La historia de la criada

Una trabajadora del hogar, en una imagen de archivo. FOTO: MILENIO.

En España el cuento de la criada es más una historia que un cuento, una historia todavía no contada, oculta e invisibilizada.

Tras las películas de Gracita Morales, en los años 60 del siglo pasado, la historia de la chacha, la criada, las que vienen a servir de los pueblos de Andalucía o Extremadura, a la gran ciudad, es la historia de miles de mujeres que buscando una vida mejor emigraron como “chica para todo”.

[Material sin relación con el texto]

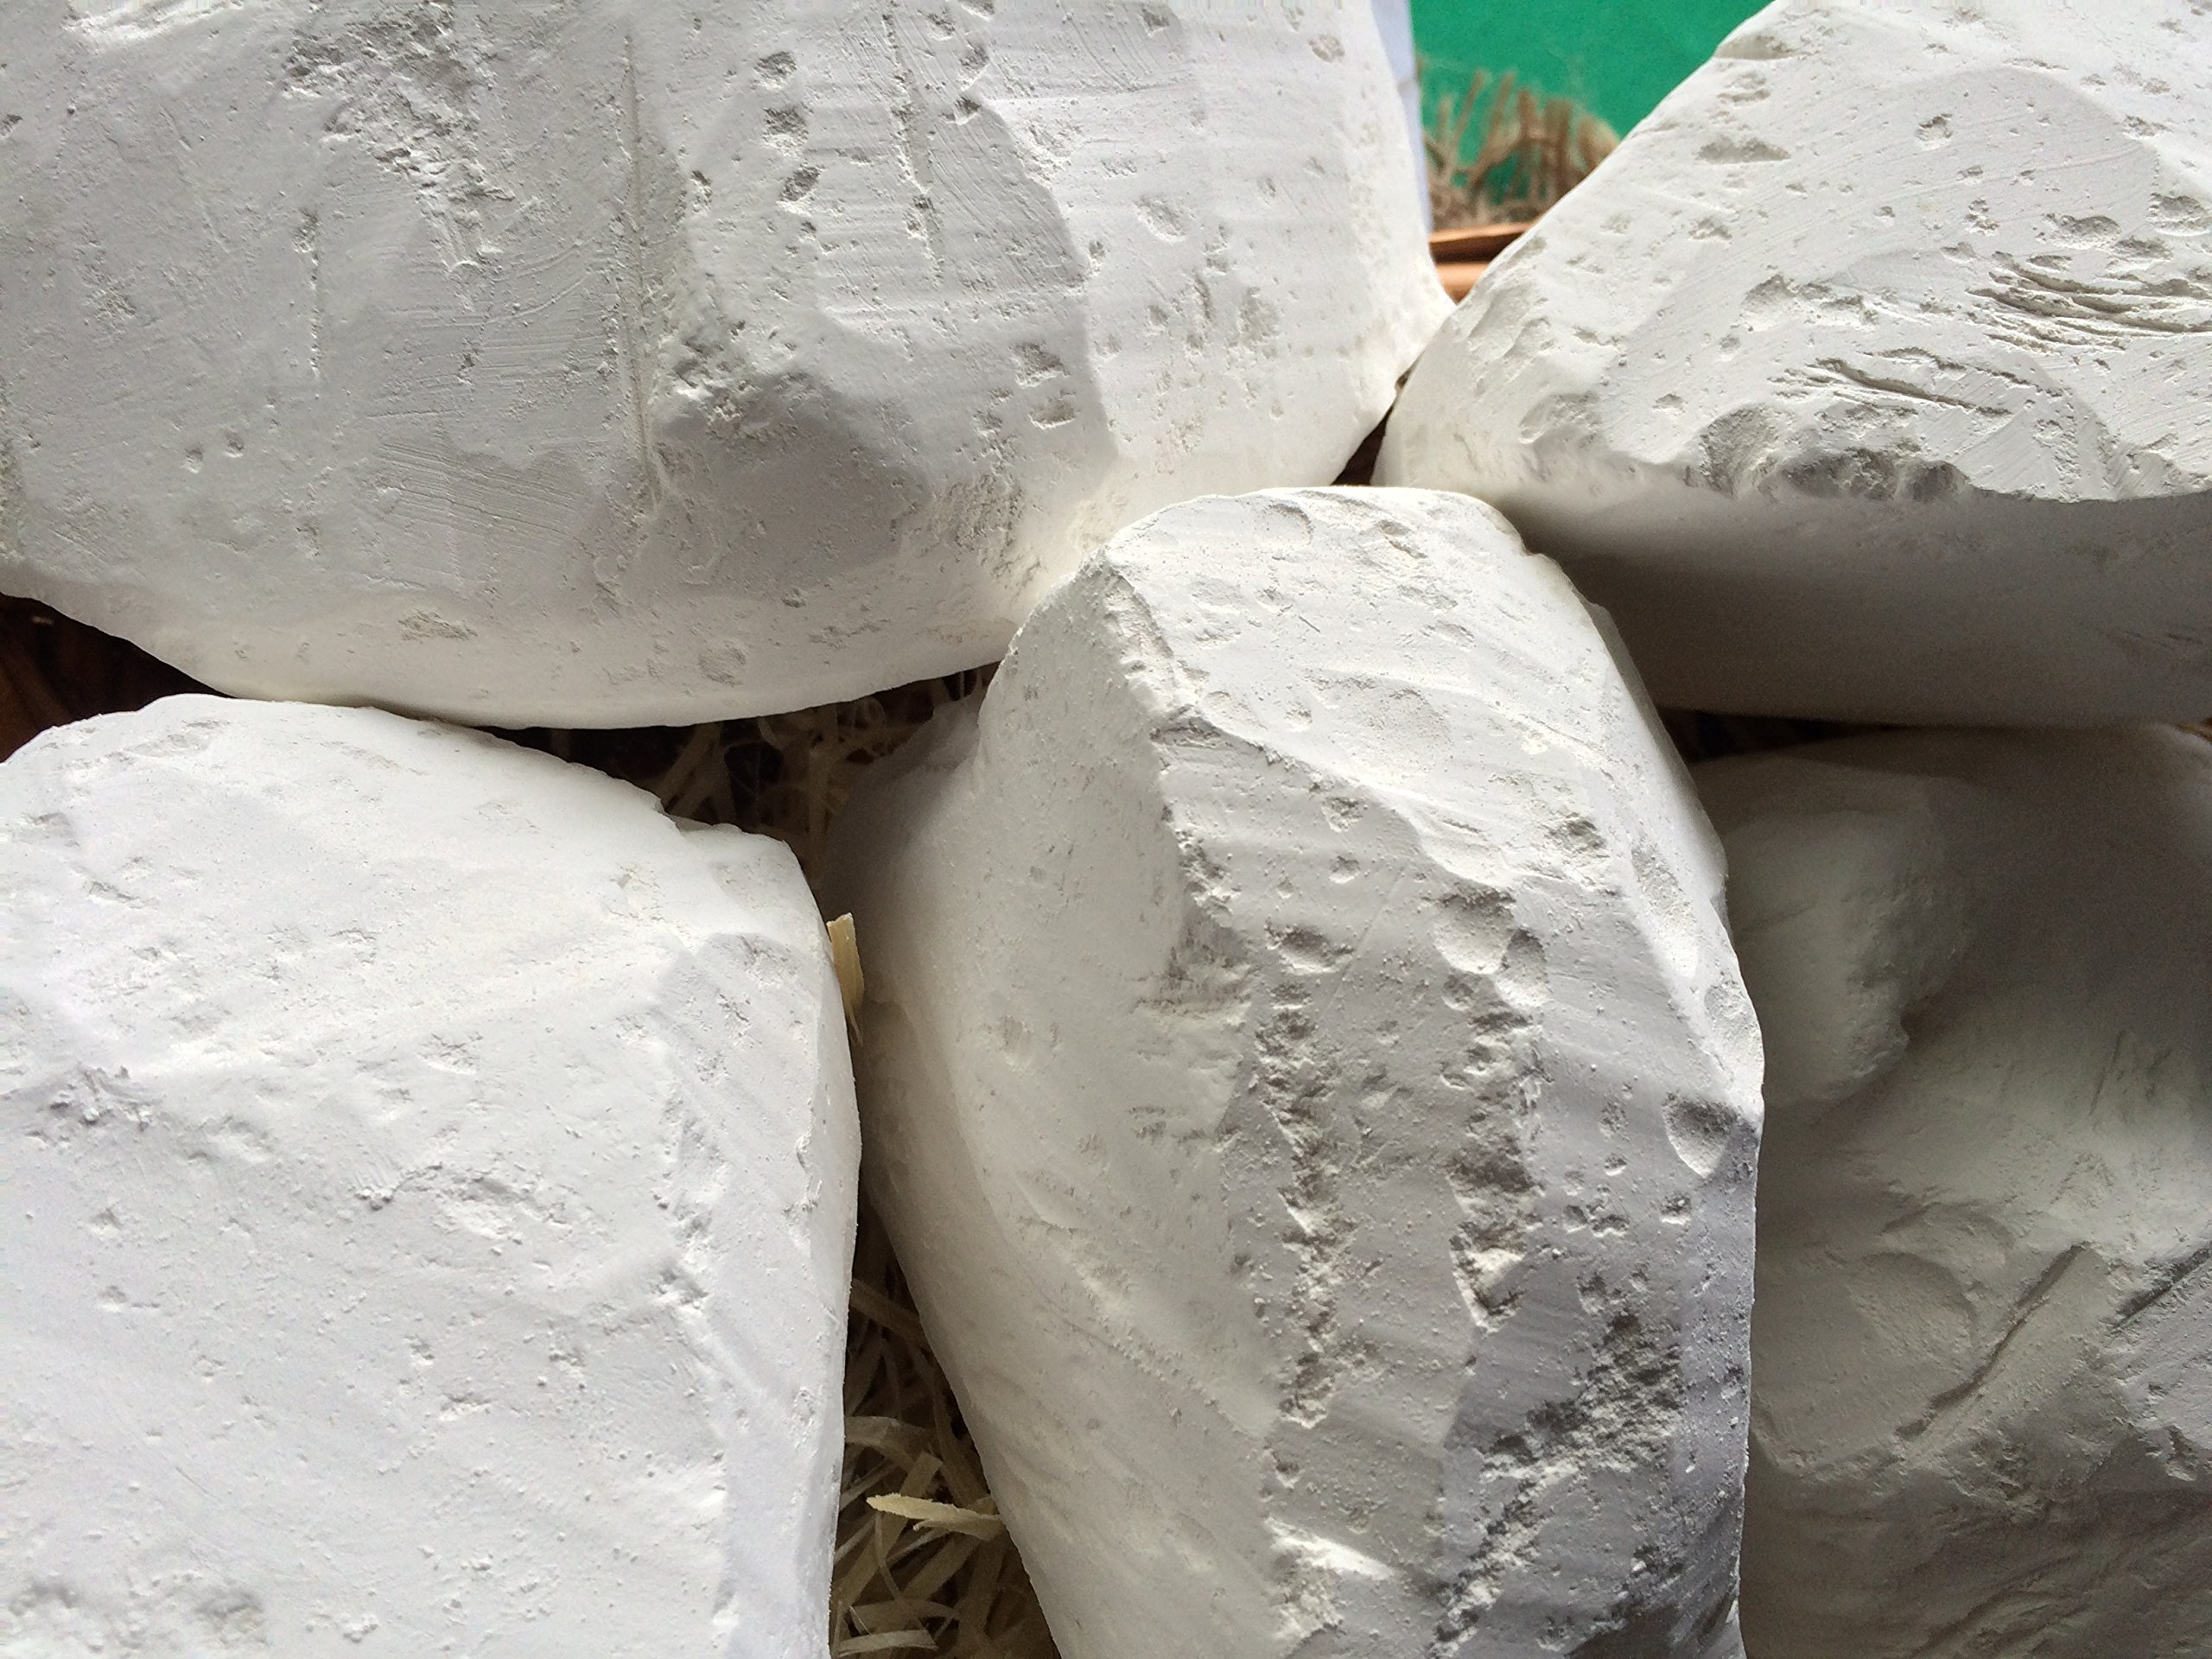 RED Edible Chalk Chunks (lump) Natural for Eating (Food), 1 lb (450 g)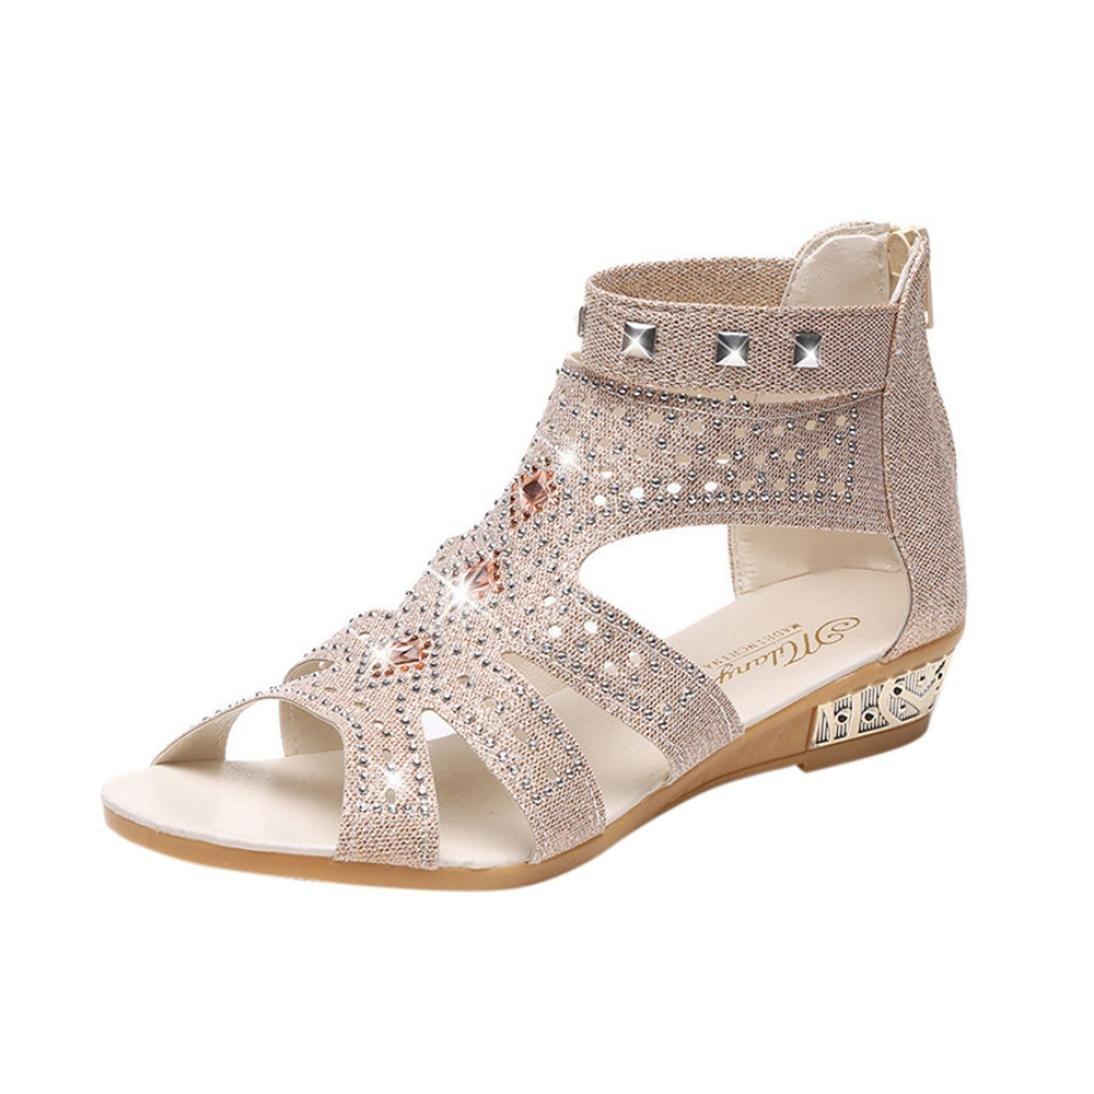 5715a63707 Gender: Women ,Womens Crisscross Summer Gladiator Braided Comfort Yoga  Strappy Flats-Sandals,Women Comfortable Summer Bohemia Sandals Clip Toe  BeachShoes ...

A la criada venida del pueblo, lo que hoy llamaríamos el mundo rural, les costaba habituarse a la vida en la ciudad y a la utilización de los primeros electrodomésticos. Mujeres sin estudios, rudas, sólo preparadas para el trabajo duro.

También eran retratadas como mujeres “de las de toda la vida, limpias y decentes”, que sabían cuál era su sitio y papel en la vida, sin grandes pretensiones y sin más ambición que casarse con un novio que estaba en la mili o era aprendiz de algún oficio.

Lo que me parece sorprendente es que, tras el estereotipo y la burla fácil, siguen ocultos cientos de historias de vida. Una historia no contada de aquellas primeras mujeres trabajadoras de los sesenta y setenta, llenas de historias de superación y también de dolor, con horas de interna en casa bien, para las que tenemos que servir.

Las películas dejaron de representar a la criada con su cofia y su vestidito negro con encajes y fruncidos, igual que dejaron de representar el manual de la buena esposa del franquismo, con sus recomendaciones para mantener al esposo feliz.

Muchas veces fueron aquellas muchachas de pueblo, solteras y horadas las que recordaban a las nuevas mujeres de la nueva clase media su sitio en el mundo, su frivolidad, su falta de dedicación a la familia y al hogar, señoras y criadas ese era el dilema.

Aquellas películas dejaron de realizarse, pero las criadas siguieron existiendo, llegaron las mujeres de Filipinas, Europa del Este y Centro América, a la Moraleja, Puerta del Hierro y a los barrios residenciales de la nueva clase media alta, como internas 24 horas, con disponibilidad absoluta y una tarde libre a la semana.

Eso sí, les cambiamos el nombre, la terminología de chacha o criada ya no eran adecuadas a los nuevos tiempos de la democracia, servicio doméstico era mucho más moderno.

Desde entonces y después de años de idas y venidas con una normativa que las excluía del régimen general de la seguridad social, hoy las personas trabajadoras incluidas en el “Sistema Especial para Empleados de Hogar” siguen teniendo peculiaridades difíciles de sostener a estas alturas del siglo XXI.

Siguen subiéndose en los autobuses cada mañana para llegar desde los barrios obreros de nuestras ciudades al centro o a las zonas del norte, a las zonas residenciales de clase media, con sus zapatos 24 horas y su pequeña mochila con el agua y el bocadillo.

Siguen estando precarizadas, mal pagadas, siguen siendo invisibles, sin dar de alta en seguridad social, con tres o cuatro casas a las que acudir cada semana, mujeres migrantes que siguen sin papeles y sin derechos, mujeres sin desempleo, mujeres sin sindicatos ni organizaciones que las representen y luchen por ellas.

Y después de todo esto, la principal peculiaridad de la historia de la empleada de hogar en la actualidad es la falta de debate, la falta de visibilidad y la falta de presencia en la vida social y política; cuando tanto se habla del trabajo precario, de la brecha salarial, de las kellys, es curioso que ya nadie hable de las trabajadoras del hogar.

El debate no me parece menor, se dan condicionantes de género, clase y origen, pero sigue sin hacerse la eterna pregunta: ¿quién limpia la casa de la limpiadora?